WINCHESTER has been named as one of the most stress-free cities for commuting motorists.
In a survey that tracked people’s journeys across 49 cities, it was revealed that commuters travel at 19.99mph, whilst neighbouring Southampton was exposed as one of the 10 most gridlocked — with traffic there moving just 2mph quicker than in the heart of London, at an average 12.64mph.
Thursdays are the worst days to travel in Southampton, while Fridays are judged to be the worst in Winchester.
The figures were measured by insurance firm Direct Line, and drew on three billion speed and location observations in 20 million miles of data logged by motorists between April 2012 and December last year.
Prof Chris Turner, chief executive of Winchester Business Improvement District (BID), said he is pleased about the results.
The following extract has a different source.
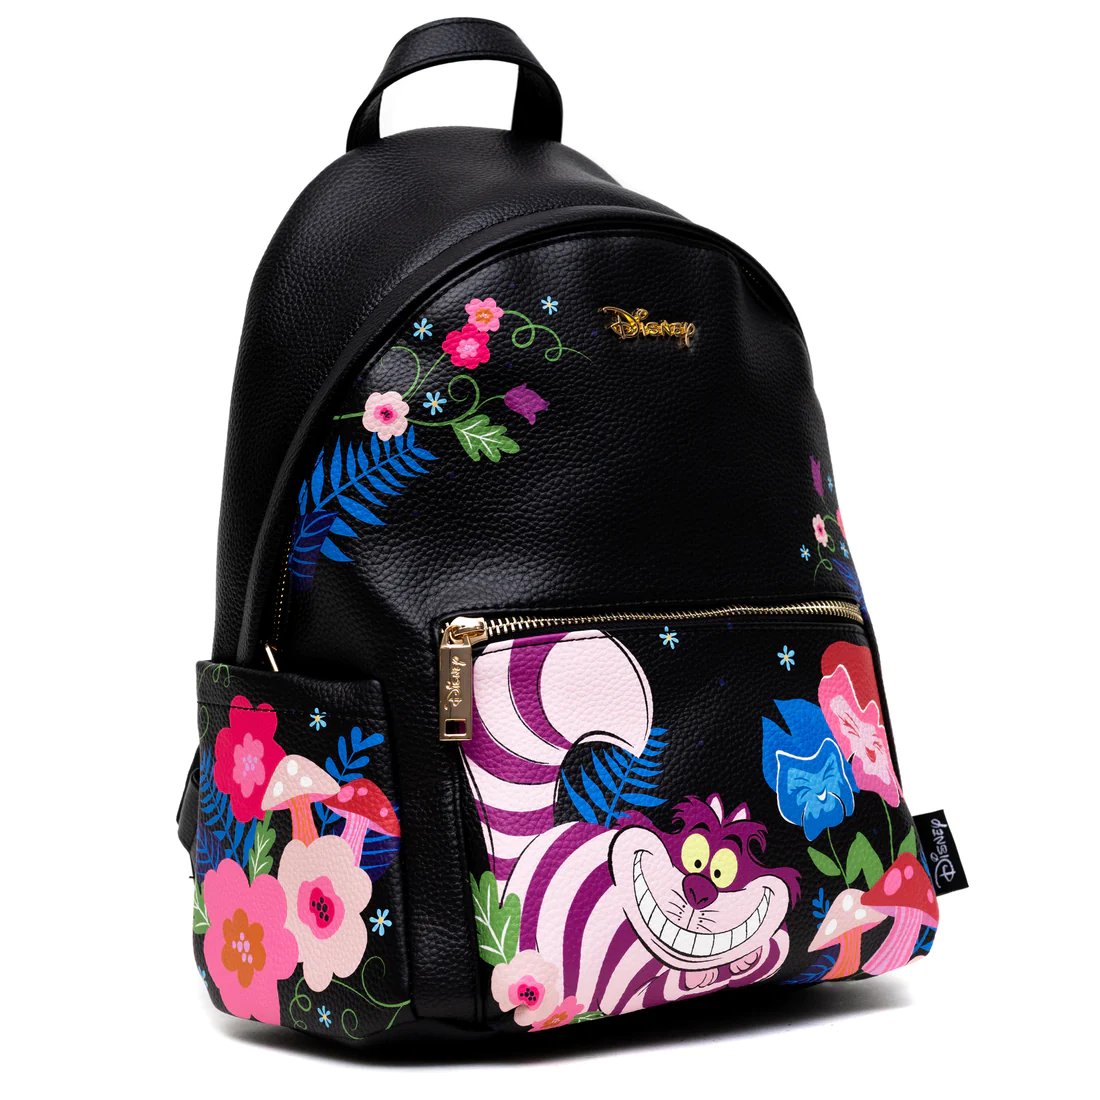  Loungefly X Disney Alice in Wonderland Cheshire Cat Mini  Backpack
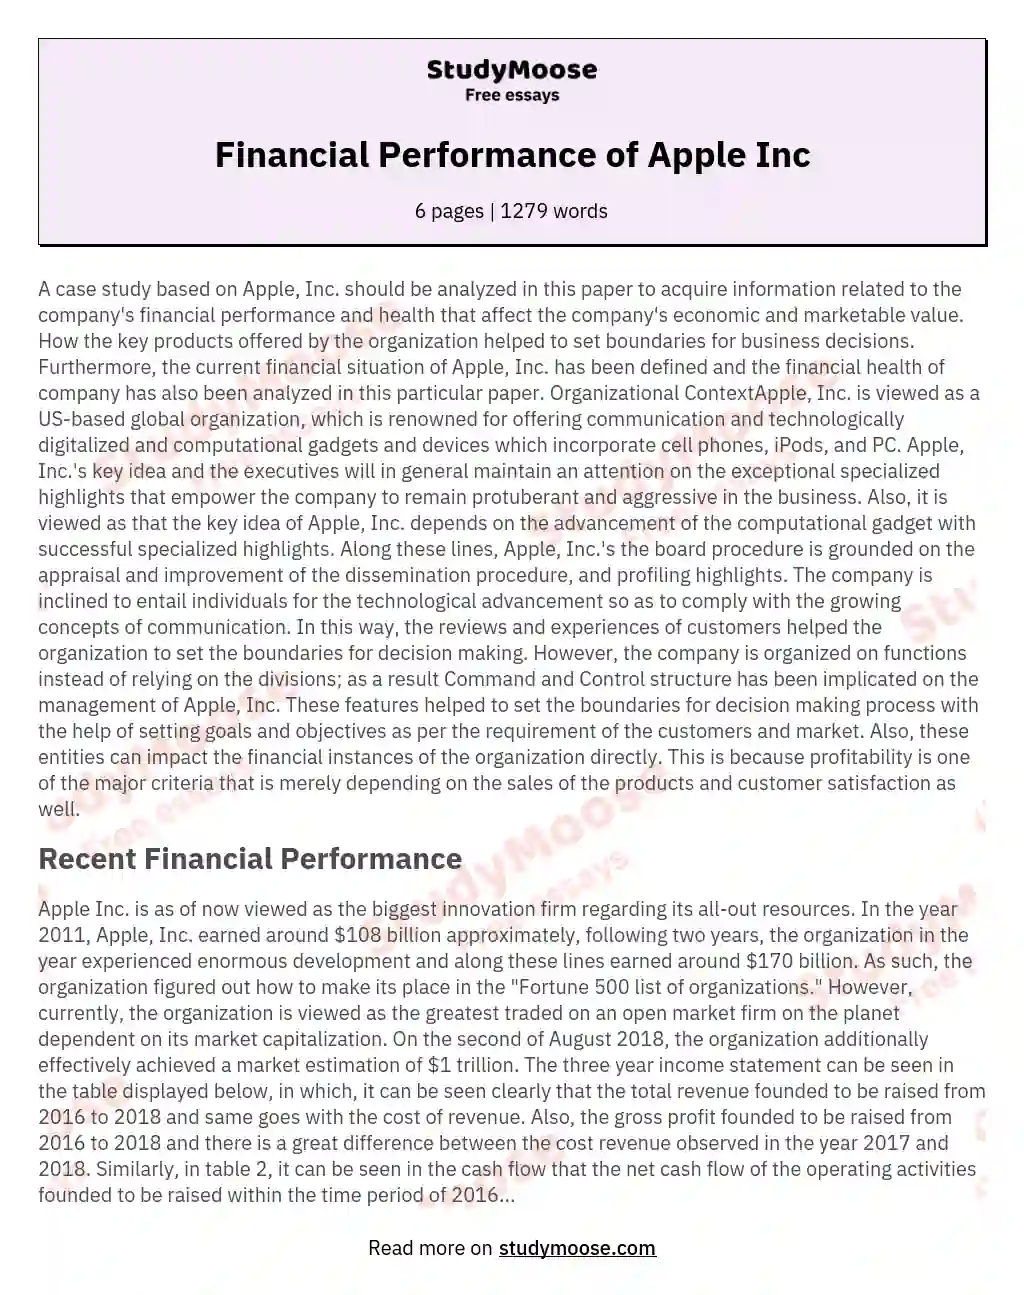 Financial Performance of Apple Inc essay

“I think people worry far too much about coming in to the city,” he said.
“I think with the new 20mph speed limit and the road traffic plan, although there may be some small problems, the reality is that for a very vibrant and modern city it is actually much easier to get in to the middle of than many others.
“People will think the city they commute in to is appalling, but in comparison to others, Winchester is actually a very pleasant place to drive.”
However, Chris Holloway, director of Winchester Action on Climate Change (WinACC), thinks the survey should have also focussed on other aspects of travel in the city.
“I think they are missing the point,” she said.
“I don’t drive, so I don’t know about that, but the point is how stressful it is to walk, cycle, or get to work by other means.
“We in WinACC don’t want a city that is organised to make life easier for people to drive to work; we want it to be nicer for people living here.
“Just to look at how stressful it is to drive about is pointless.”
Former Winchester City Council transport leader, Cllr Victoria Weston, said: “I think that does show that Winchester is not as congested as it is constantly reported as.
“It’s important to talk about the 20mph scheme we are doing — I think that makes this more viable.”